Der Bau des Gambetta Square beginnt vers 1745 (≈ 1745)
Von Tournys Beabsichtiger bestellt.
1770-1780
Fertigstellung des Quadrats
Fertigstellung des Quadrats 1770-1780 (≈ 1775)
Klassischer Stil aus der ersten Hälfte des 18. Jahrhunderts.
15 novembre 1927
Anmeldung für Historische Denkmäler
Anmeldung für Historische Denkmäler 15 novembre 1927 (≈ 1927)
Front- und Dachschutz.
Aujourd'hui
Aujourd'hui
Aujourd'hui Aujourd'hui (≈ 2025)
Position de référence.
Kennzahlen
Intendant de Tourny - Urbanist und Administrator
Initiator des Gambetta Square um 1745.
Ursprung und Geschichte
Das Haus befindet sich in der 2 Kurs Georges-Clemenceau in Bordeaux ist Teil des architektonischen Komplexes des Gambetta-Platzes (ehemaliger Dauphine-Platz), einer der wichtigsten städtischen Projekte der Stadt im 18. Jahrhundert.
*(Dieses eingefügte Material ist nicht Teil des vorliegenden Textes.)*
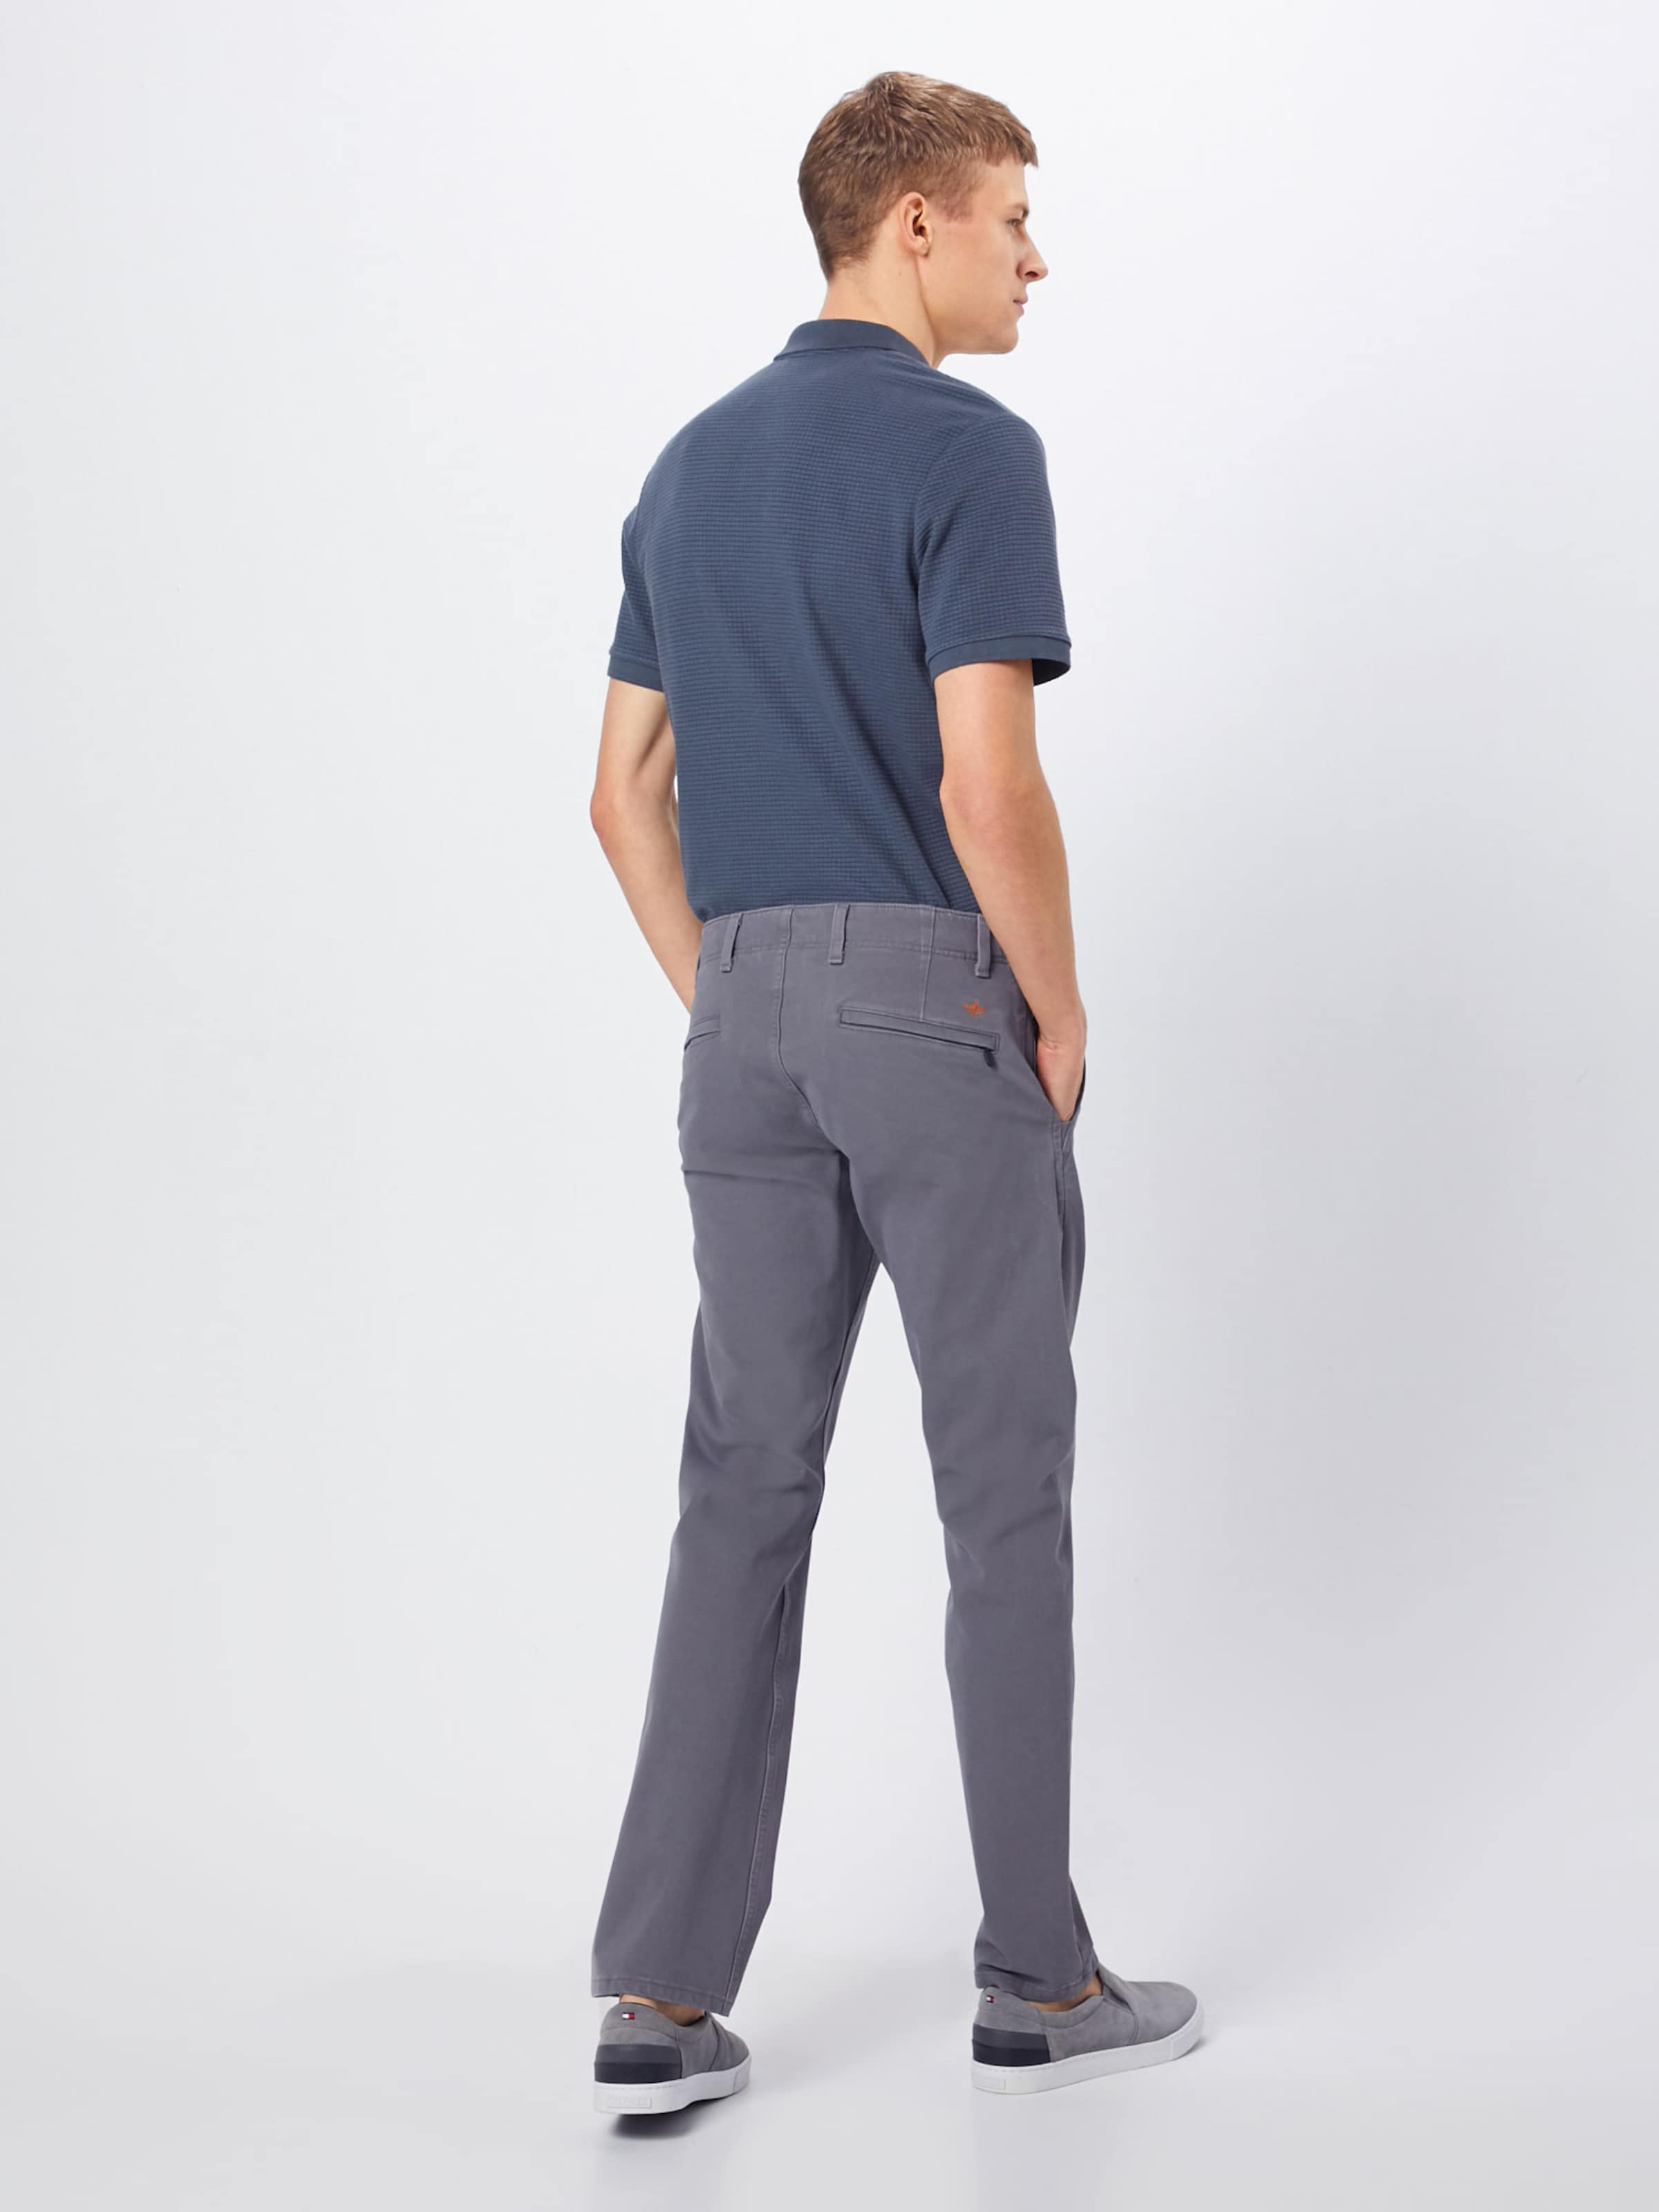 ' Pantalon Flex 360 Slimtapered Gris Dockers 'smart En Alpha dthrsQ

Dieser Platz, der als rechteckiger Raum von Gebäuden mit der klassischen Ordnung umgeben konzipiert wurde, wurde um 1745 von der Beabsichtigung von Tourny als Teil seiner Arbeit der Sanierung und Verschönerung von Bordeaux initiiert. Obwohl seine Konstruktion nur zwischen 1770 und 1780 abgeschlossen wurde, spiegelte ihr Stil die ästhetischen Kanonen der ersten Hälfte des Jahrhunderts wider, mit harmonisierten Fassaden und strengen urbanen Perspektiven.
Gambetta Square, zweiter in Bedeutung nach der Place de la Bourse, wurde eine strategische Kreuzung, wo die wichtigsten Routen der Stadt konvergiert. Der Georges-Clemenceau-Kurs, auf dem sich dieses Haus befindet, ist eine der Querarterien. Das Gebäude selbst, dessen Fassade und Dach durch Dekret vom 15. November 1927 in den Historischen Denkmälern eingeschrieben wurden, verdeutlicht diesen Wunsch nach architektonischer Kohärenz. Die Integration in ein größeres Ensemble unterstreicht die zentrale Rolle des Platzes in der Stadtplanung der Stadt Bordeaux, die durch rationale Planung und einheitliche Ästhetik gekennzeichnet ist.
Der Angeklagte von Tourny, die Schlüsselfigur dieser Transformation, führte eine strenge Ordnung für die Konstruktionen an den Platz. Die Gebäude, die auf Land westlich der alten Dauphine und Dijeaux Tore errichtet wurden, wurden Modelle des Bordeaux-Klassizismus. Ihre Erhaltung, wie die des Hauses der 2 cours Georges-Clemenceau, heute ist Zeuge des städtischen Erbes des achtzehnten Jahrhunderts, als Bordeaux modernisiert, um sein ökonomisches und kulturelles Prestige zu bestätigen.